Past Exhibitions | 2013
Each year, Rochester Art Center presents a wide array of contemporary art exhibitions. These exhibitions offer visitors the opportunity to connect with art by local, regional, and nationally working artists.
Stand By Your Accidents | David Rathman
September 13, 2013 - January 26, 2014
In September 2013, Rochester Art Center presented the first-ever survey exhibition of Minneapolis-based artist David Rathman. Including works produced from 1991-2013, Stand By Your Accidents provided a comprehensive overview of the artists’ output spanning a twenty-two year period.
Henny Linn Kjellberg | Critical Mass
April 26, 2013 - August 31, 2014
Known for her cutting-edge ceramic work, Swedish artist Henny Linn Kjellberg has created an original, site-specific installation titled Critical Mass that considers dual interpretations of this frequently used term. As described by Kjellberg: “Critical mass is most often used within nuclear science to describe the smallest amount of fissile material for a sustained nuclear chain reaction. It is also used as a socio-dynamic term to describe the existence of sufficient momentum in a social system, such that the momentum becomes self-sustaining and creates further growth. Critical Mass will reflect on the idea of the growth of human knowledge and the force of the group dynamic such as political movements and uprisings, and how actions and events sometimes can grow fast, or out of control, with either positive or negative outcomes.”
How To Fold L'étoile Du Nord | Katie Hargrave
April 13, 2013 - July 14, 2013
Katie Hargrave utilizes community-oriented research to investigate the creation of mythologies, the historical record, and the landscape. For several years, her research has focused on the intentional development of city, state, and national identity through symbols of state and national pride. Principally, these include images appearing on maps, lines that demarcate and assign borders, our shared histories via the lens of museums, and most specifically, the elements and imagery of state flags. By design, flags can allow for a codified, simple method to demonstrate our identity to those around us. They are potent and efficient symbols, and when well designed and oft used, are able to carry the weight of our history within their designs.
Elsewhere | Tim Eitel
January 26, 2013 - April 28, 2013
Tim Eitel has gained a reputation as one of the best young painters working today. Recognized as a leading representative of the “New Leipzig School” of painting—a moniker imparted on a small group of artists who together attended the Leipzig Academy of Visual Arts—Eitel has risen to international prominence for his distinctive approach and contributions to the field of contemporary painting. Many of Eitel’s enigmatic works contain representational subjects inhabiting reductivist environments. From slate grey clouds in an ominous sky to a small fire burning in outward isolation, Eitel employs a palette of minimal, muted color to arresting effect. For his exhibition at Rochester Art Center—his first large-scale survey exhibition in the United States—32 works completed between 2002 -2012 provide a broad insight into the artist’s practice over the last decade.
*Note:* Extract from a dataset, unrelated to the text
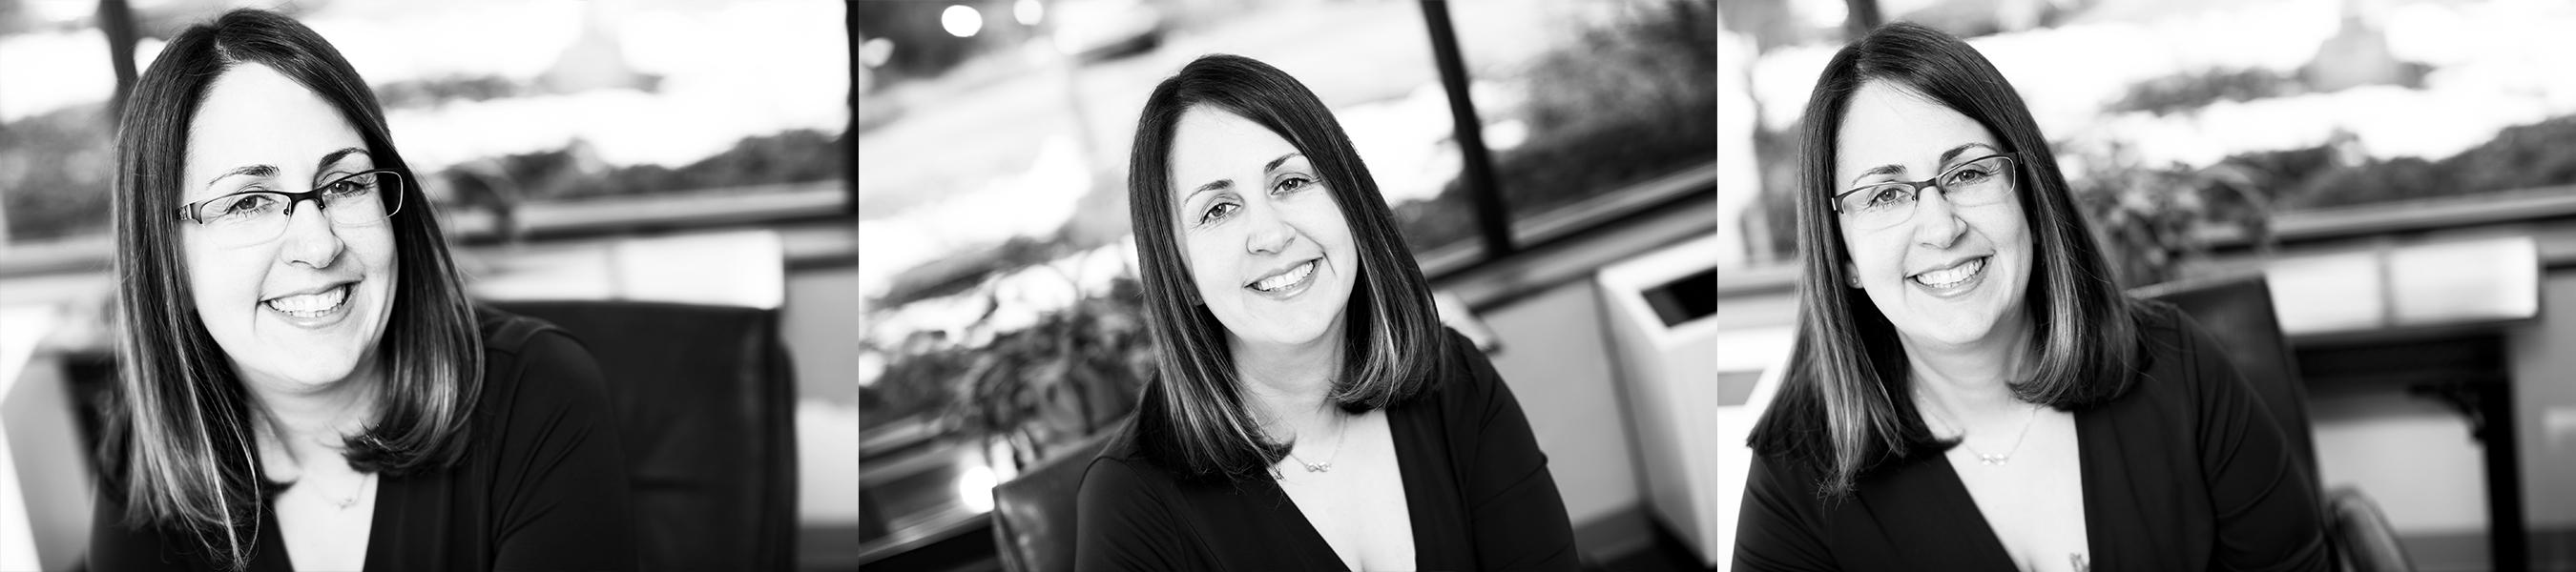 OUR ATTORNEYS: Eileen R. Fullerton – Managing Partner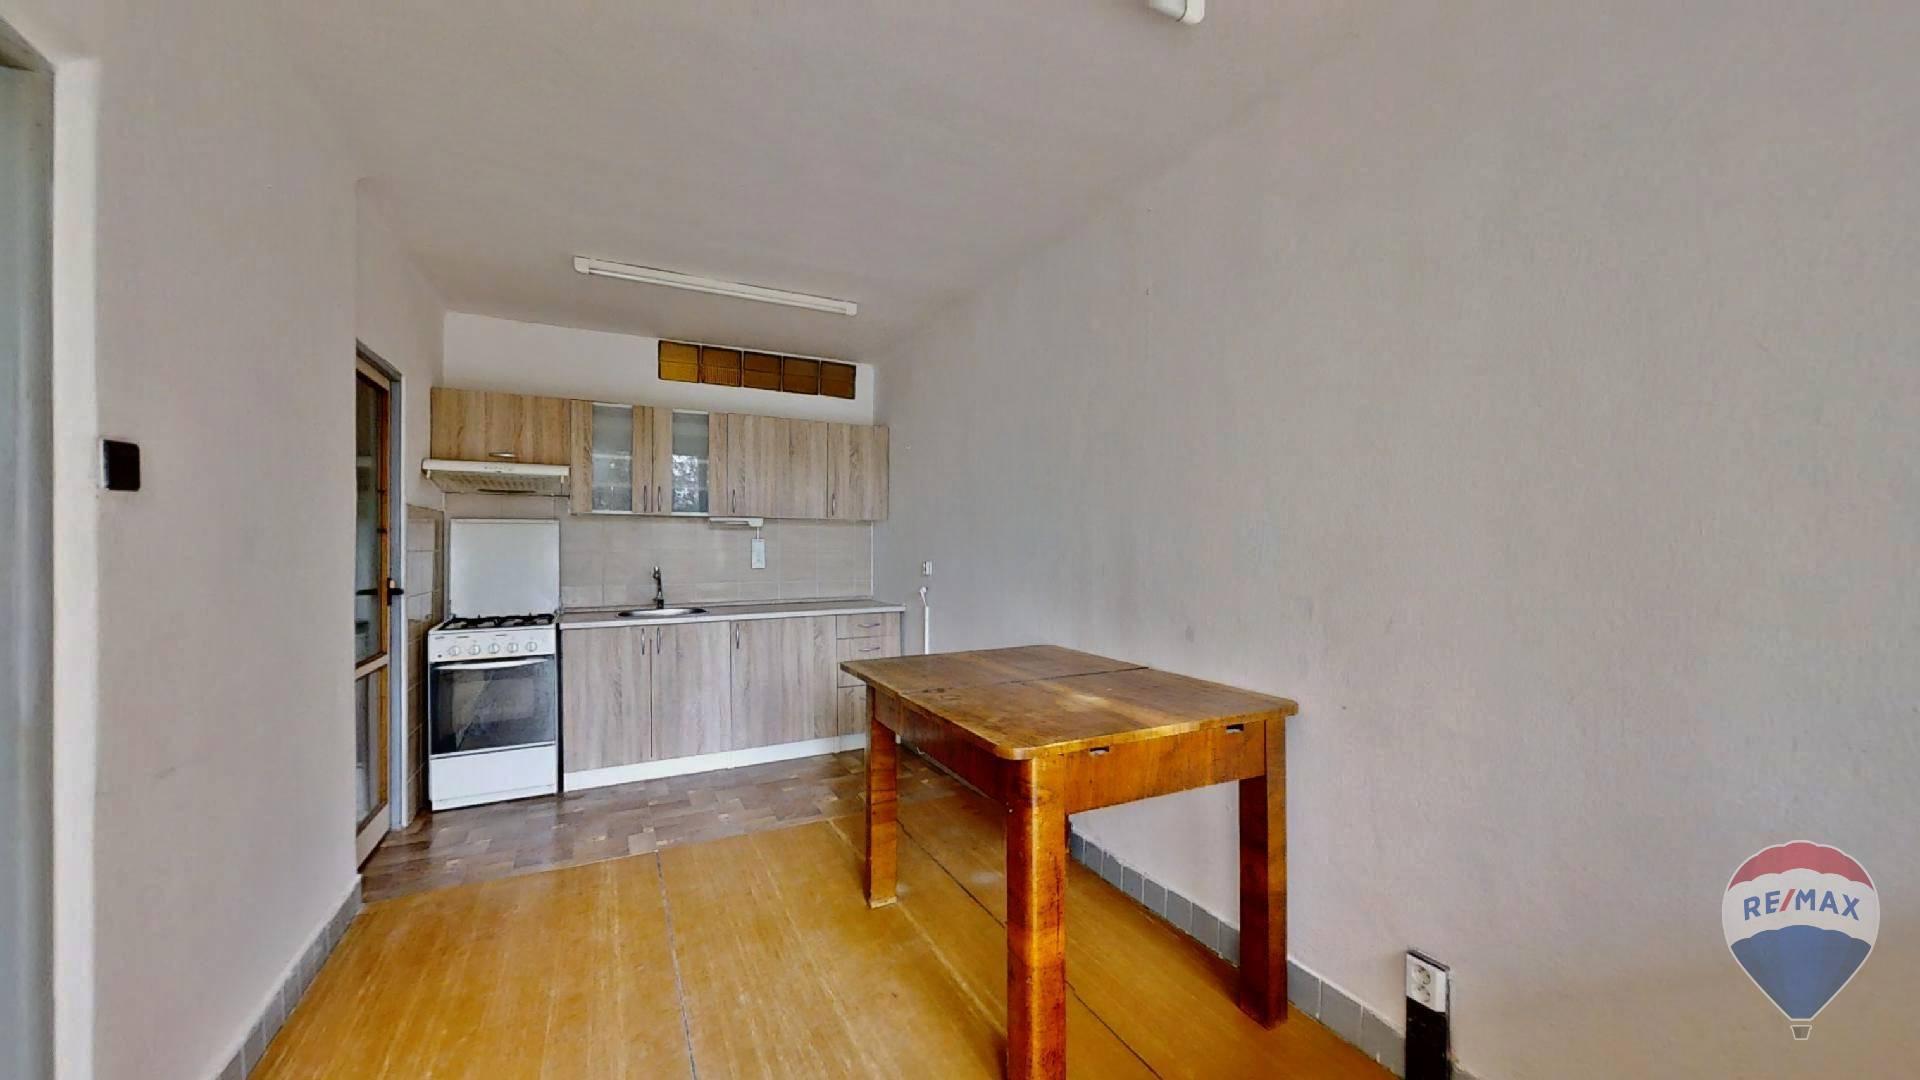 Predaj bytu (4 izbový) 75,5 m2 + loggia

Mend and Measure | Nicole Havekost
April 18, 2013 - June 02, 2013
The work of making oneself is on-going and part of a tradition of “women’s work” that is integral to a feminine identity. We are the mender of clothes. We are the fixer of holes. We are the makers of the family. We nurture ourselves, our spouses, and our children through craft and cooking. We make and tend with sewing needles, seam rippers, and scissors. These instruments are some of our tools, but so are our bodies. Our bodies are a site of comfort and discomfort, desire and disgust that we share with our partners and children. This act of becoming a mother and making a family was an experience of profound undoing and transformation of my body. These sewing tools and our bodies are, for me, deeply intertwined, and the dolls reference that relationship. In the making of these bodies, I hope to come closer to understanding the relationship I have with my own body.
First Dates | Aki Shibata
October 24, 2013 - January 19, 2014
The final 3rd Floor Emerging Artist Series exhibition of the year, features a unique project by St. Paul-based artist Aki Shibata. Originally trained in photographic processes, Shibata has transitioned her practice into one that explores the behavior of human interaction and notions of performance. Many of her recent projects involve dancing in public spaces for a specified duration of time on a repeated schedule. Consequently, her audience can be wholly random, or in some cases, repeat viewers. In either situation, the act of looking and it’s relationship to personal and public space is confronted and analyzed. In other projects, the artist facilitates interaction with others following a more systematic approach.
Frozen Music | Anna Boyer
August 09, 2013 - October 13, 2013
In her exhibition Frozen Music, Anna Boyer examines the junction of organic and structural form through a series of new works that use performed music as their point of departure. In doing so, she considers and presents to the viewer a unique project where, as the artist states, the “formulaic meets the idiosyncratic.”